16 Sep 2013

Orphanides Criticizes Crisis Management of EU Member States

On 13 September, Athanasios Orphanides, Professor of the Practice of Global Economics and Management at the MIT Sloan School of Management, contributed to the SAFE Policy Lecture Series with a presentation on "The Politics of the Euro Area Crisis". His lecture was moderated by Otmar Issing, President of the Center for Financial Studies.

Orphanides warned that Eurozone economies have been heading towards disintegration since the emergence of the financial crisis in 2007; something which would threaten the very European Union project in the long run. According to the former President of the Central Bank of Cyprus, EU Member States had exacerbated this situation by standing in the way of an efficient fight against the crisis.

As an example for the imbalances within the Eurozone, Orphanides pointed to the very different unemployment rates. While unemployment in Cyprus, Greece, Ireland, Portugal and Spain has risen substantially since the beginning of the crisis, in Germany there are now less people unemployed than before the crisis.

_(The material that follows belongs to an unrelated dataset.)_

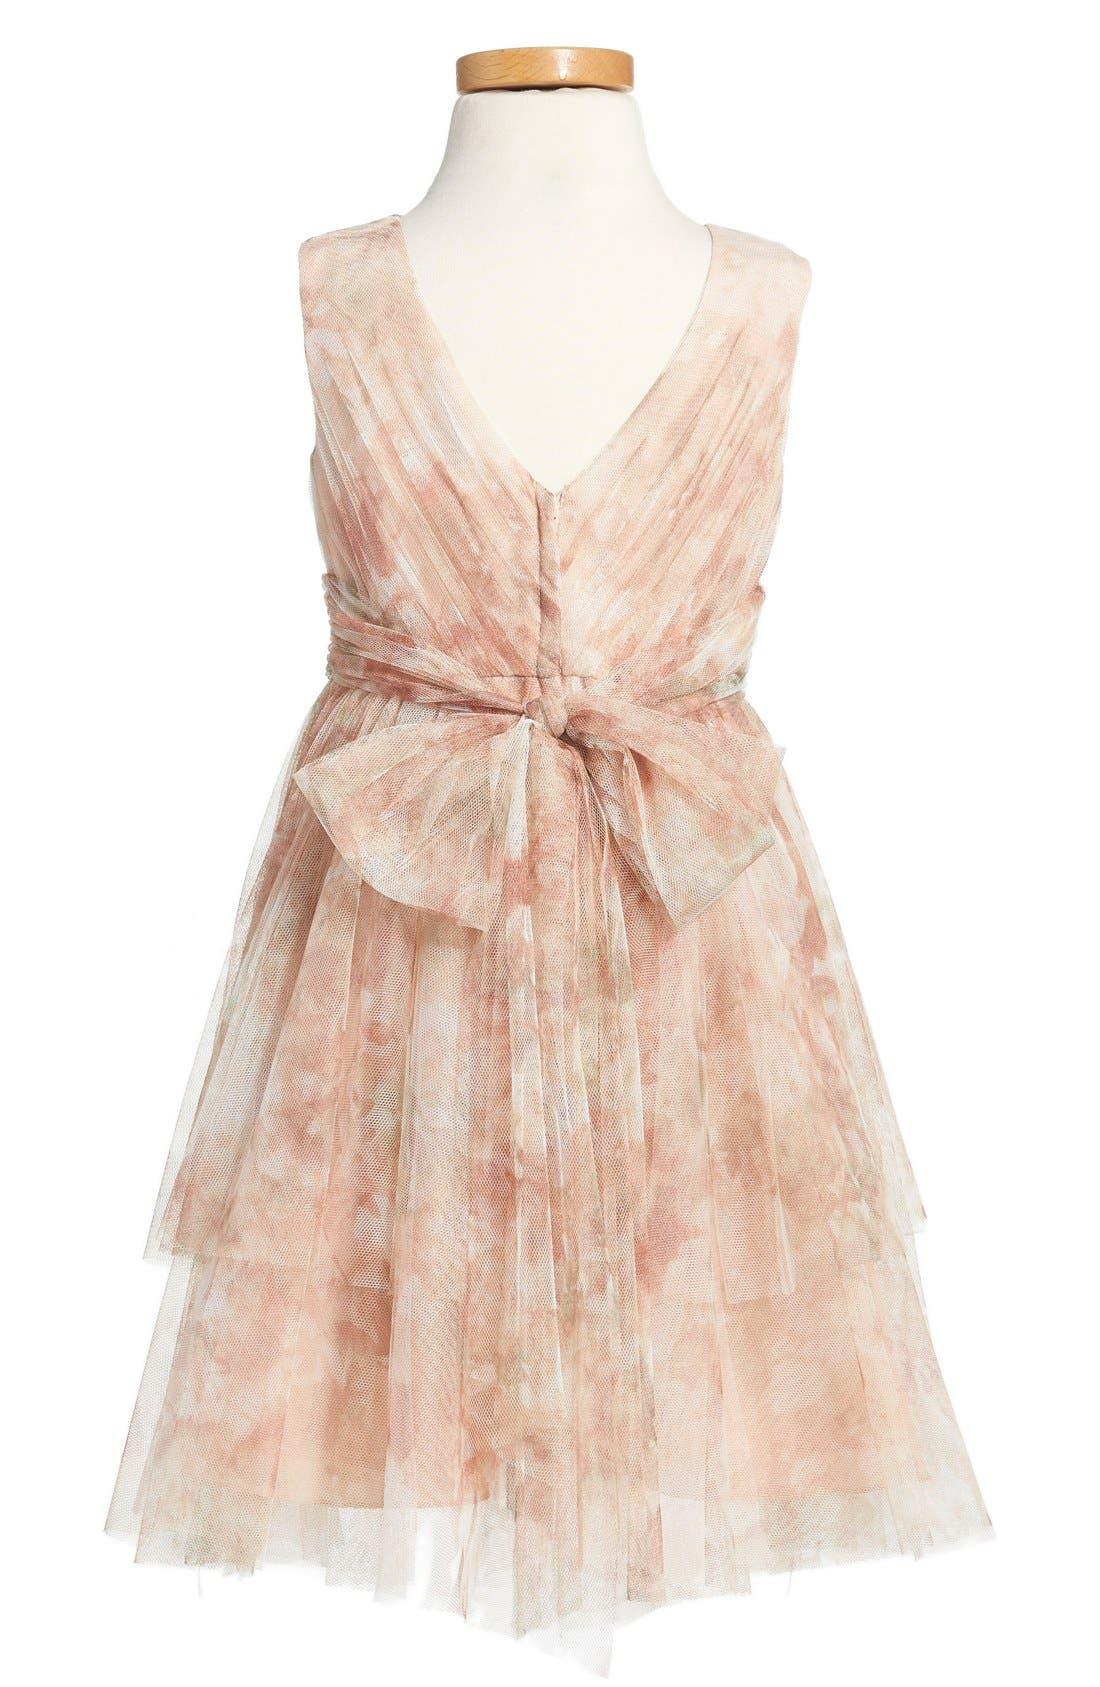 Etsy - Vintage Floral Tulle Dress,                             Alternate thumbnail 2, color,                             Blush Multi

Orphanides criticized the poor crisis management of European governments. This could partly be attributed to the incomplete construction of the Euro that did not provide for a crisis mechanism. One must simply have hoped that national governments would work together in the case of crisis to secure the welfare of all member states. However, this hope is mistaken, because governments first of all think of their voters and include other countries’ interests only to a less account in their decisions.

The Eurozone was clearly lacking a supranational institution with the authority to make decisions indpendently from national governments in case of crisis, Orpanides said. The European Central Bank (ECB) has not been able to solve the political problems of the Eurozone by itself; only being able to buy governments more time to solve the crisis and to prevent an immediate crash of the Eurozone by purchasing Greek government bonds and promising to purchase the bonds of other crisis countries under the Outright Monetary Transactions (OMT) Program. Furthermore, European governments have not made use of the breathing space secured by the ECB, but have continued to delay necessary decisions. This has only led to higher crisis costs for the whole Eurozone.

Orphanides called upon European governments to give up part of their sovereignty in order to overcome the problems now being faced. If not, private households in the crisis countries in particular will continue with their suffering.

Some of Orphanides’ arguments raised decisive criticism by Otmar Issing and parts of the audience. Issing and the former ECB Chief Economist, Jürgen Stark, opposed the positive assessment of the ECB’s bond purchases. Issing also rejected the assertion that the good labor market development in Germany would come at the expense of the southern European countries.